S’agissant de la contribution du gouvernement, la ministre a indiqué que ce retard est également lié aux difficultés de trésorerie que connaît le pays.
« Il y a aussi un problème financier. Lorsqu’un financement est obtenu il y a cinq ou trois ans, les conditions ne sont plus forcément les mêmes plusieurs années plus tard. Mais nous sommes en train de nous remobiliser parce que nous avons promis à la population de Gamboula de lui fournir l’électricité. Nous savons que nous sommes dans un pays où les sources de financement sont limitées. Nous dépendons largement des recettes fiscales et nous connaissons les difficultés que traverse notre pays.
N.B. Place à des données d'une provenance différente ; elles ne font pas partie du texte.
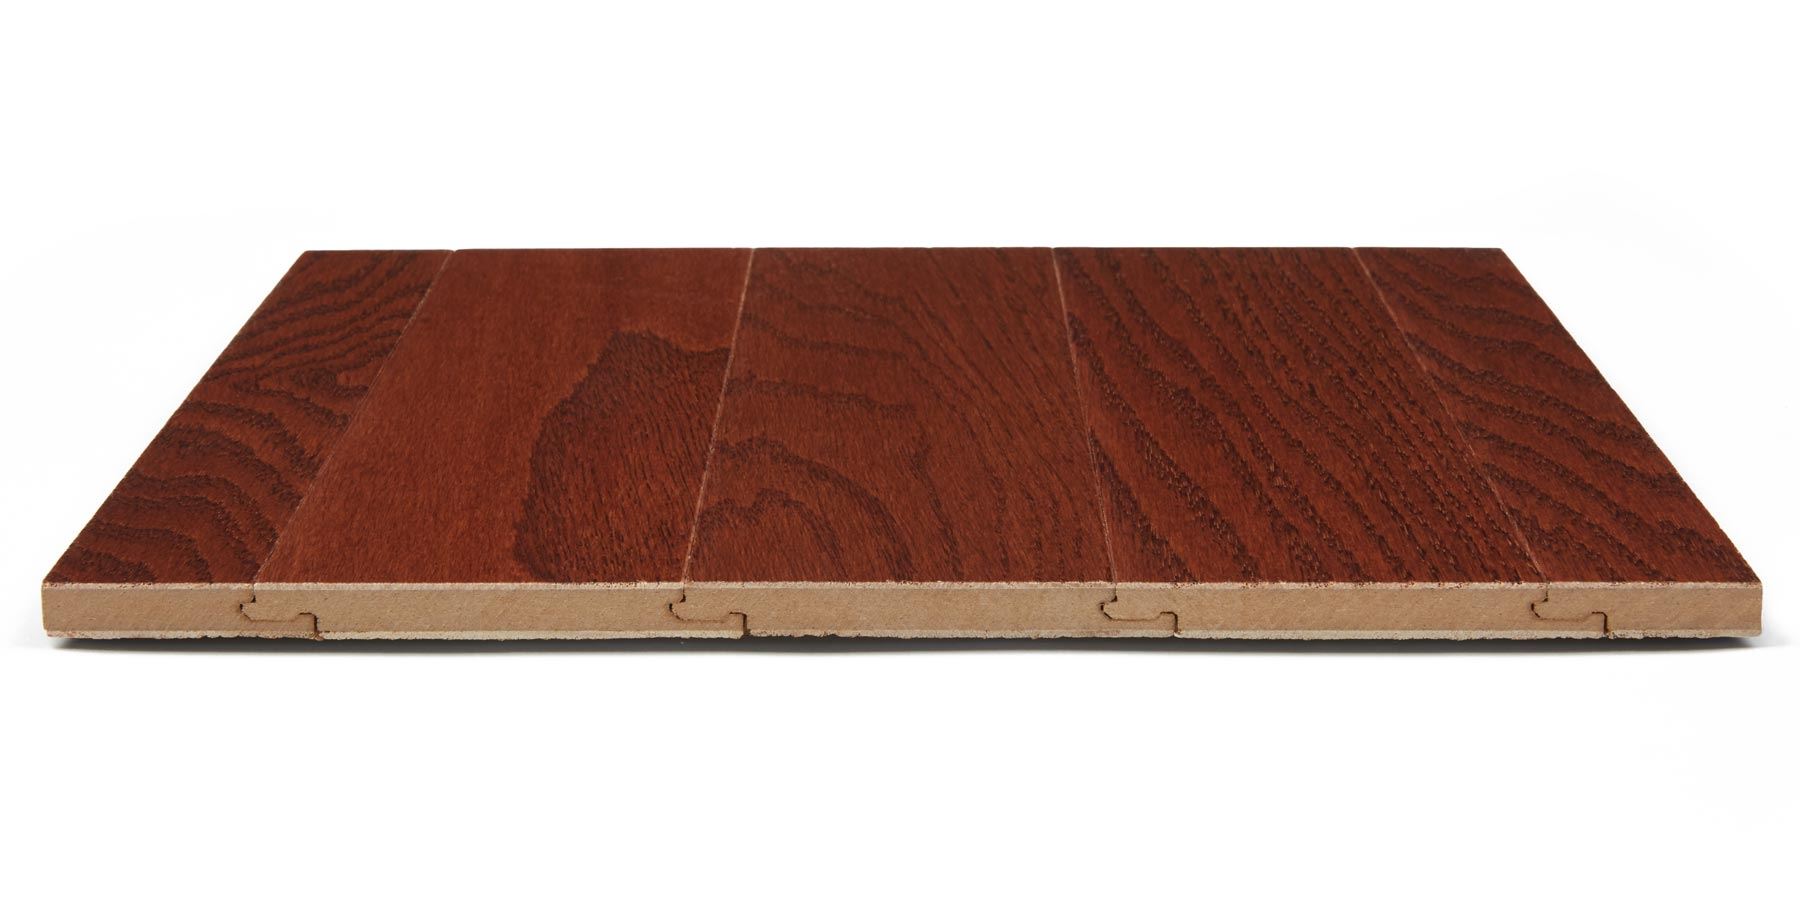 Accolade Engineered Hardwood Flooring

Nous avons des priorités et nous devons parfois hiérarchiser ces priorités », a-t-elle ajouté.
De son côté, le Programme des Nations unies pour le développement (PNUD), l’un des partenaires qui accompagne le gouvernement dans la mise en œuvre du projet, a rappelé que, malgré les difficultés rencontrées, la finalisation de cette centrale demeure une priorité en raison de son importance pour l’accès à l’électricité des populations.
Selon Moctar Fall, représentant résident adjoint du PNUD en Centrafrique, des résultats significatifs ont déjà été enregistrés.
« Ces résultats sont importants et constituent une base solide pour les années à venir », a-t-il affirmé.
Toutefois, il a reconnu que plusieurs contraintes ont limité la mise en œuvre du projet, notamment la pandémie de Covid-19, le manque de financements complémentaires ainsi que divers défis opérationnels.
La construction de la petite centrale hydroélectrique de Gamboula constitue aujourd’hui la principale réalisation du projet. Les travaux se poursuivent, mais ils sont ralentis par plusieurs contraintes techniques et financières.
Le représentant adjoint du PNUD a réaffirmé l’engagement de son institution à accompagner le gouvernement dans la mobilisation des ressources nécessaires à l’achèvement des travaux.
Au-delà de Gamboula, le projet de Baoro représente une nouvelle opportunité pour poursuivre les efforts engagés dans le domaine de l’électrification rurale.
La principale préoccupation demeure toutefois la mobilisation des ressources destinées à combler le déficit de financement. Dans les années à venir, le gouvernement ambitionne de mettre en service ces infrastructures. Pour l’année 2026, le Comité prévoit plusieurs activités, notamment la recherche de financements complémentaires.
Il entend également poursuivre le recrutement de consultants pour l’élaboration d’un modèle durable de gestion, préparer les potentiels développeurs à répondre à l’appel à manifestation d’intérêt relatif à la mise en place de partenariats public-privé pour l’exploitation des sites des PCH, ainsi que renforcer les capacités des structures nationales à travers l’acquisition d’équipements informatiques et d’outils adaptés.
À l’issue de cette rencontre, Opportune Edwige Pounounginza, ministre de l’Énergie et de l’Hydraulique, a salué les efforts des partenaires, notamment le PNUD et la Banque mondiale, dans le financement de la petite centrale hydroélectrique de Gamboula. Elle a souligné que ce projet répond à un besoin crucial du pays en matière d’accès à l’énergie.
Dans cette optique, elle a appelé les partenaires tels que la Banque mondiale et la BDEAC à poursuivre leur accompagnement afin de garantir l’aboutissement du projet.
Pour rappel, ce projet a été lancé en 2018 par le gouvernement centrafricain avec l’appui du PNUD. Il vise à améliorer l’accès à l’électricité en milieu rural, renforcer les capacités du secteur de l’énergie, promouvoir les énergies propres et contribuer à la lutte contre le changement climatique.